Xhtml Invalid Characters?

I made my own xhtml valdidator in .NET (checking with dtd + some additional rules), and I noticed a mismatch between my validation and w3c validation.

In my validator, I get the following error when id has a colon (say: id = "mustang: horse")

(Error) The attribute 'id' has an invalid value according to its data type.

But I am not getting any w3c errors for this template.

I tried to find a list of invalid characters for an attribute in xml / xhtml but could not find it?

Thank you for your help.

+1
source share
2 answers

The reason for this difference is that the W3C validator does not seem to perform XHTML processing with the namespace.

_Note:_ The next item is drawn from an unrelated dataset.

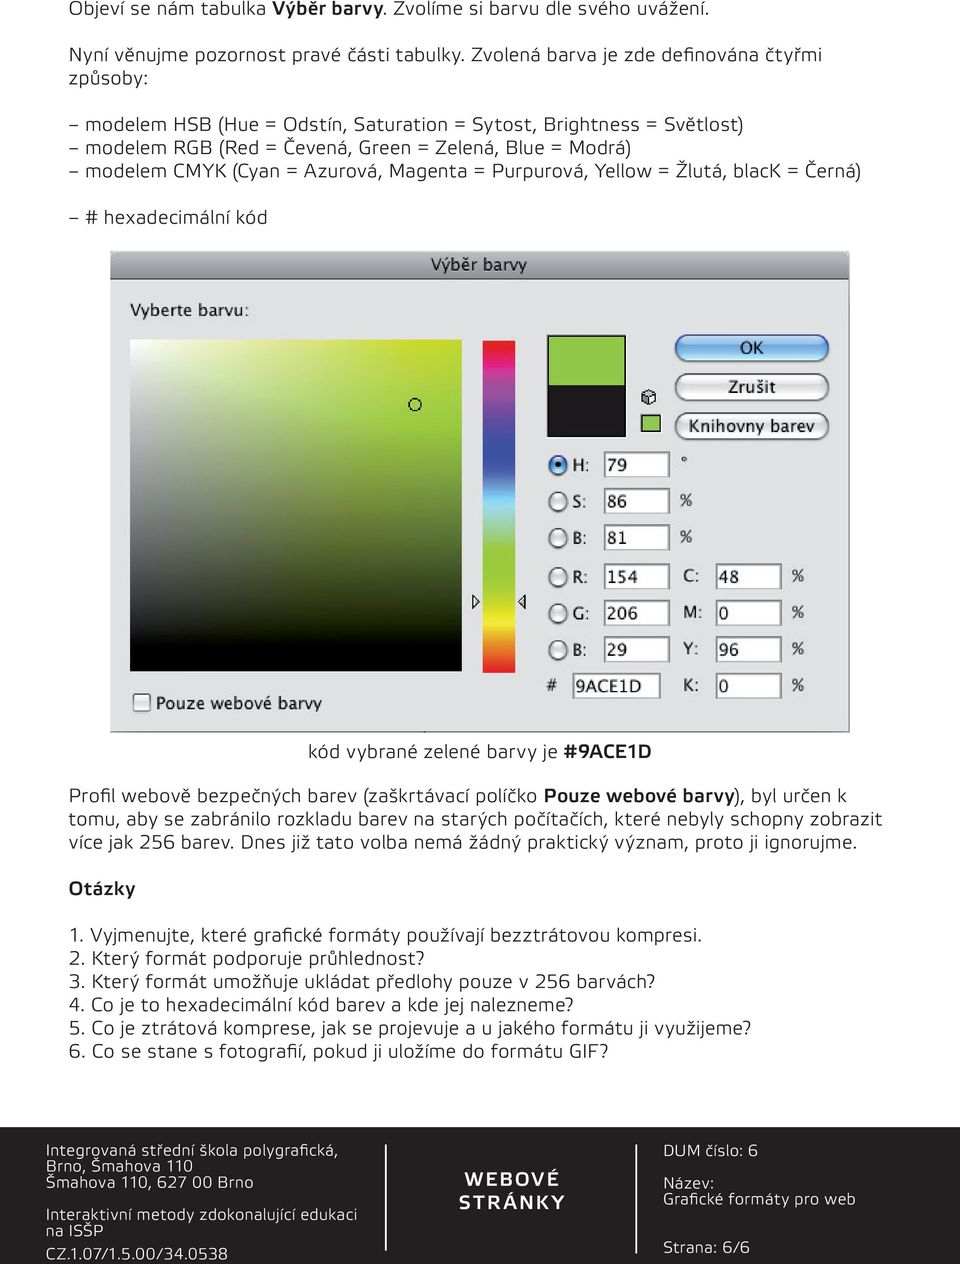 Azurová, Magenta = Purpurová, Yellow = Žlutá, black = Černá) # hexadecimální kód Profil webově bezpečných barev (zaškrtávací políčko Pouze barvy), byl určen k tomu, aby se zabránilo rozkladu barev na

Although XHTML documents should be in the XHTML namespace, this is actually reasonable because HTML documents do not use namespaces, and the normative legal structure of XHTML documents (like HTML) is defined by a DTD file, and DTDs are not really a namespace .

As @Alochi already noted:

Type identifier values โ€‹โ€‹MUST match the name production.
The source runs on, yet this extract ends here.